Subtract to Lead Better: Letting Go Is a Leadership Skill
- David R. Landes
- 5 days ago
- 2 min read

In “I’ve Coached Hundreds of Leaders. The Same Dangerous Mindset Keeps Them Failing,” Marcel Schwantes argues that many leaders remain stuck—not because they lack tools, but because they hold on to unhelpful beliefs. The path forward he proposes isn’t about acquiring more skills, but about subtracting the habits, fears, and assumptions that block clarity and impact.
The central insight: You lead best by giving up what doesn’t serve.
What to subtract and why:
Subtract the Illusion of Control - Believing you must have all the answers stifles others, and weakens trust. Real leadership comes from empowering delegation, trust, and shared ownership.
Subtract Ego-Driven Leadership - Ego breeds defensiveness and blinds you to feedback. Replacing it with humility opens space for learning—from any direction.
Subtract Fear of Vulnerability - When you hide your struggles, people hide theirs. Vulnerability builds trust, encourages openness, and strengthens collaboration.

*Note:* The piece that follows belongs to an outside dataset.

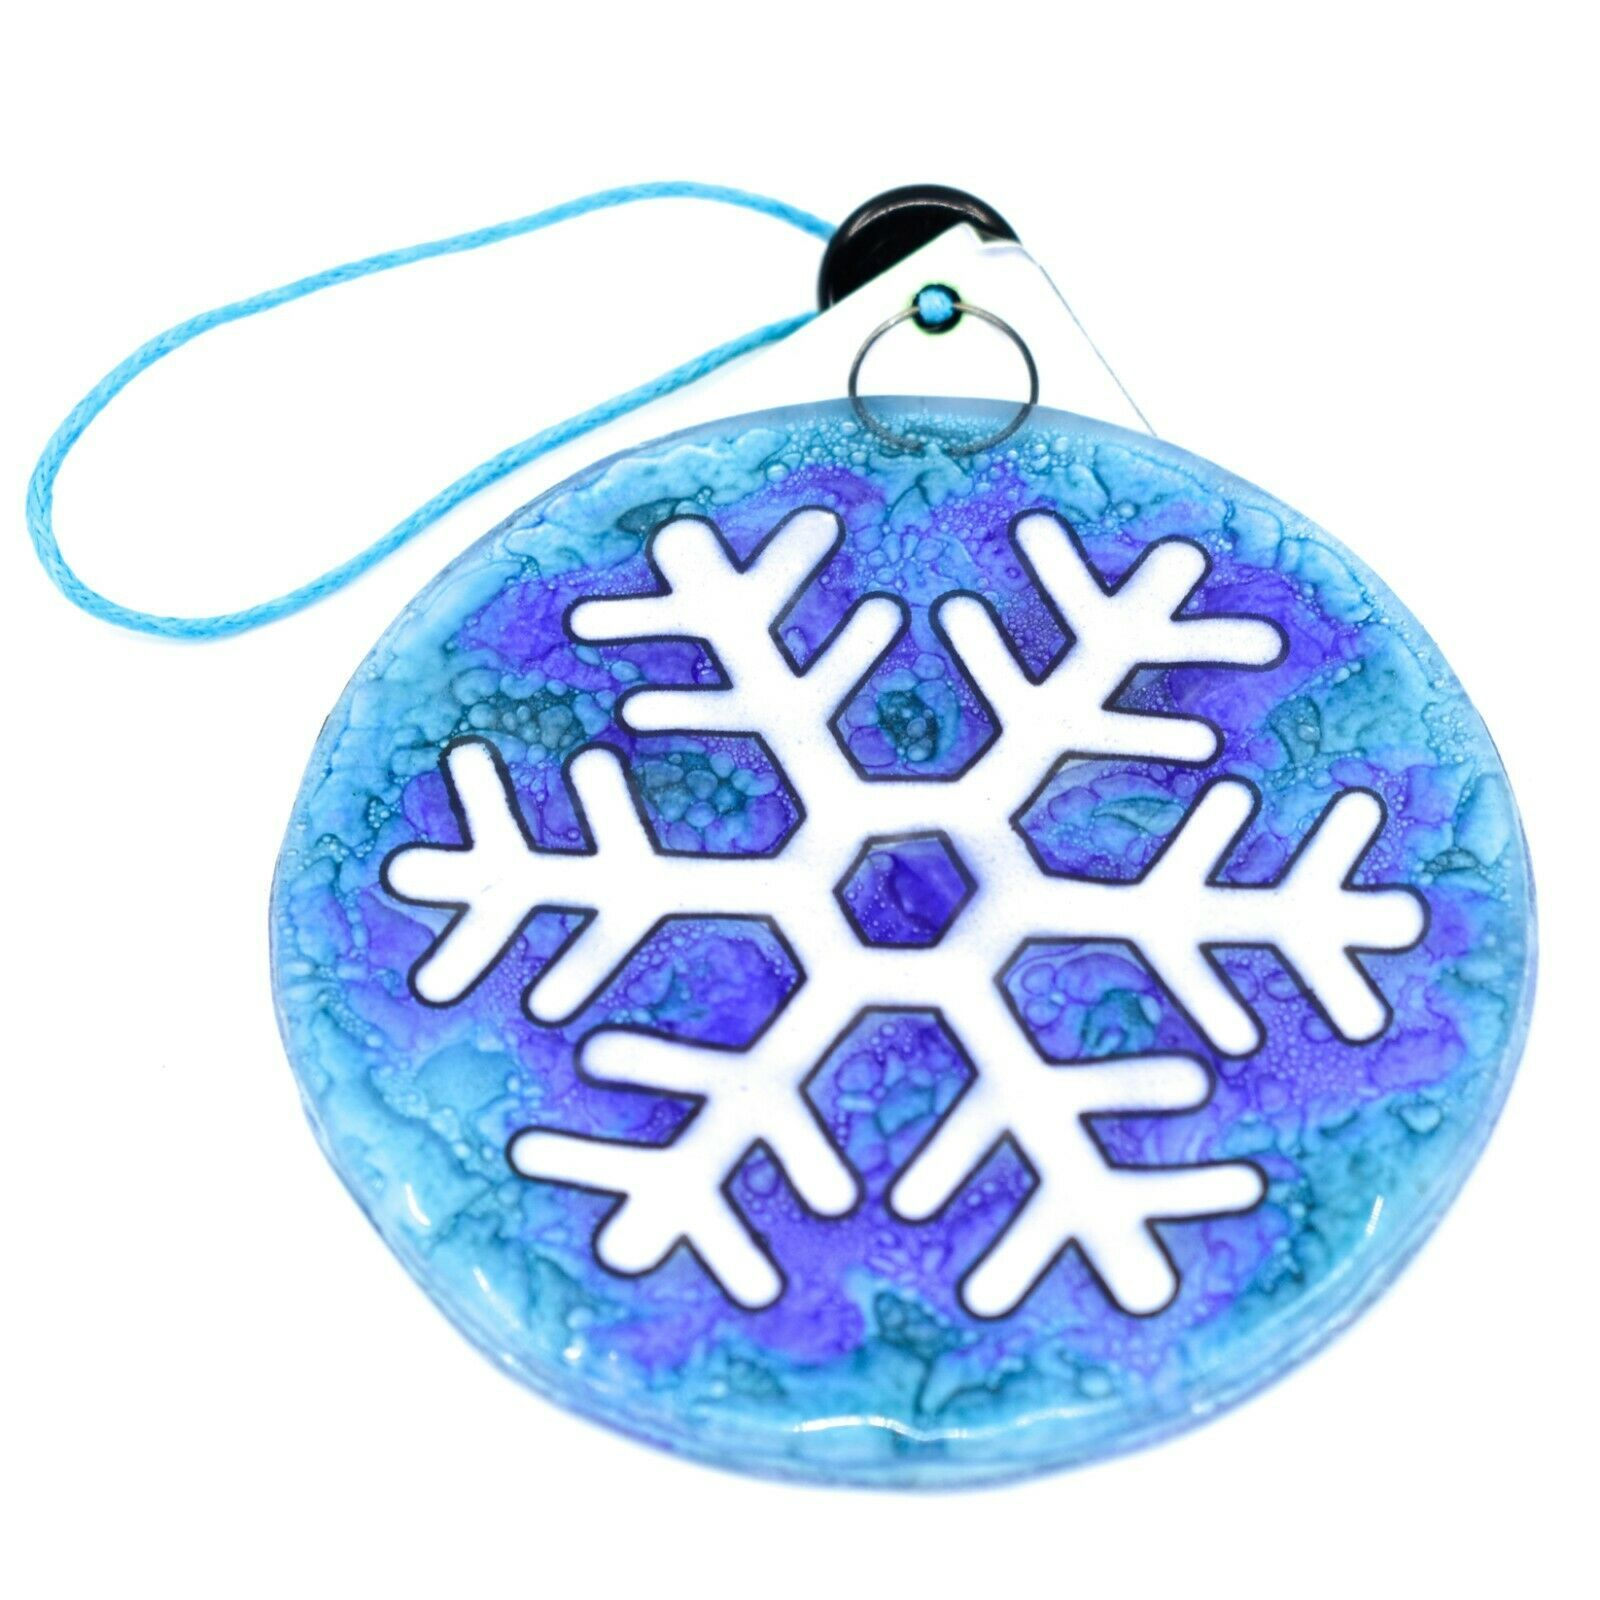 Fused Art Glass Winter Snowflake Ornament Handmade in Ecuador

Subtract Unnecessary Complexity - Excess bureaucracy, micromanagement, tangled processes slow momentum. Simplify goals, clarify roles, eliminate red tape.
Subtract Short-Term Thinking - Chasing quarterly wins at the expense of long-term health undercuts sustainability. A wise leader balances now with what will last.
Subtract Fear-Based Leadership - Leading through intimidation or anxiety fosters compliance—not commitment. Instead, cultivate psychological safety where innovation and candor can flourish.
Why this matters for leaders
Leadership isn’t about adding more layers, more tactics, more strategies. It’s often about subtraction: letting go of illusions, guardedness, and outdated habits. The more you subtract what doesn’t serve, the clearer your vision becomes and the more space you give others to grow.
When you free yourself from ego and fear, you lead from a grounded place of humility. This has been my experience as a leader also. When you simplify rather than complicate, you empower teams to move with clarity and confidence. In letting go of the need for control, you invite collective ownership and resilience.
Leaders who master the art of subtraction aren’t leaving things behind—they’re making room for something far greater.
For your further reflection
Which one of the “subtracts” (control, ego, vulnerability, complexity, short‑term, fear) feels most alive (and intrusive) in your leadership today?
What small practice could you begin this week to subtract that habit (for example, asking for feedback, delegating one decision)?
Imagine leading a team free from that burden. What difference would that make—emotionally, relationally, in results?